Faceted search and browsing of audio content on spoken web

  • Authors:
  • Mamadou Diao;Sougata Mukherjea;Nitendra Rajput;Kundan Srivastava

  • Affiliations:
  • Georgia Institute of Technology, Atlanta, GA, USA;IBM Research, New Delhi, India;IBM Research, New Delhi, India;IBM Research, New Delhi, India

  • Venue:
  • CIKM '10 Proceedings of the 19th ACM international conference on Information and knowledge management
  • Year:
  • 2010

Quantified Score

Hi-index 0.00

Visualization

Abstract

Spoken Web is a web of VoiceSites that can be accessed by a phone. The content in a VoiceSite is audio. Therefore Spoken Web provides an alternate to the World Wide Web (WWW) in developing regions where low Internet penetration and low literacy are barriers to accessing the conventional WWW. Searching of audio content in Spoken Web through an audio query-result interface presents two key challenges: indexing of audio content is not accurate, and the presentation of results in audio is sequential, and therefore cumbersome.

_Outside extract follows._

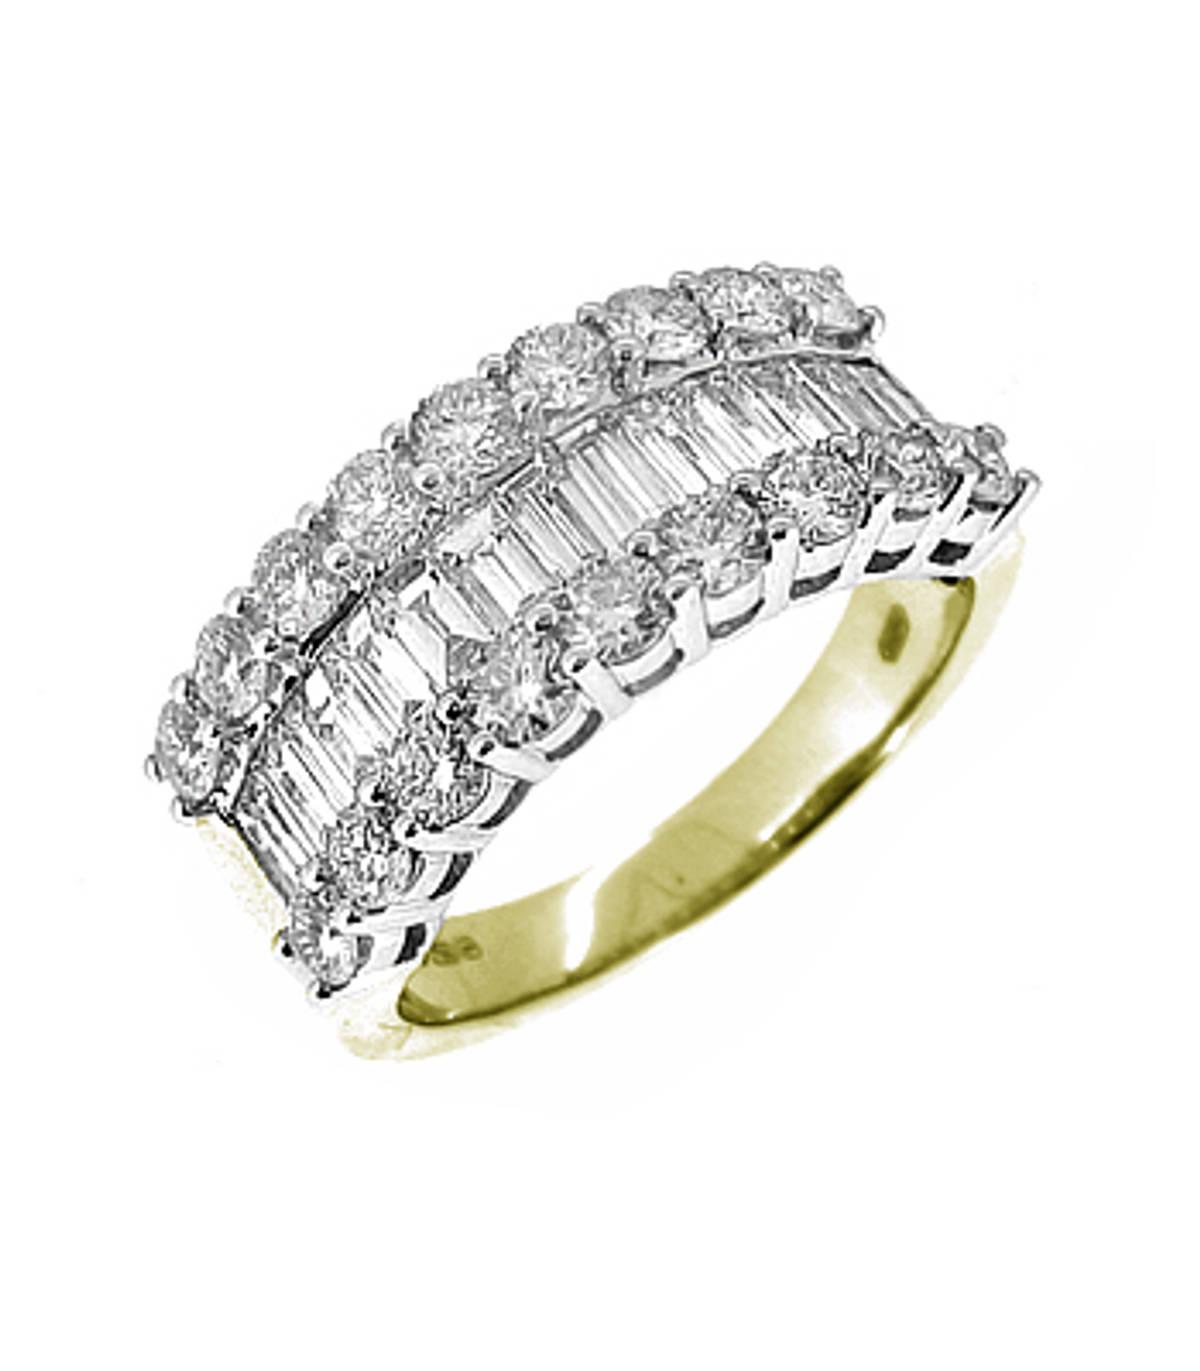 3 ROW DIAMOND DRESS RING 18k yellow and white gold baguette & brilliant cut diamond 3 row dress ringDETAILSCarat: diamond total weight 2.13ctsCut: Brilliant cut and BaguetteMetal: 18k yellow and white gold

In this paper, we apply the concepts of faceted search and browsing to the SpokenWeb search problem. We use the concepts of facets to index the meta-data associated with the audio content. We provide a mechanism to rank the facets based on the search results. We develop an interactive query interface that enables easy browsing of search results through the top ranked facets. To our knowledge, this is the first system to use the concepts of facets in audio search, and the first solution that provides an audio search for the rural population. We present quantitative results to illustrate the accuracy and effectiveness of the faceted search and qualitative results to highlight the usability of the interactive browsing system. The experiments have been conducted on more than 4000 audio documents collected from a live SpokenWeb VoiceSite and evaluations were carried out with 40 farmers who are the target users of the VoiceSite.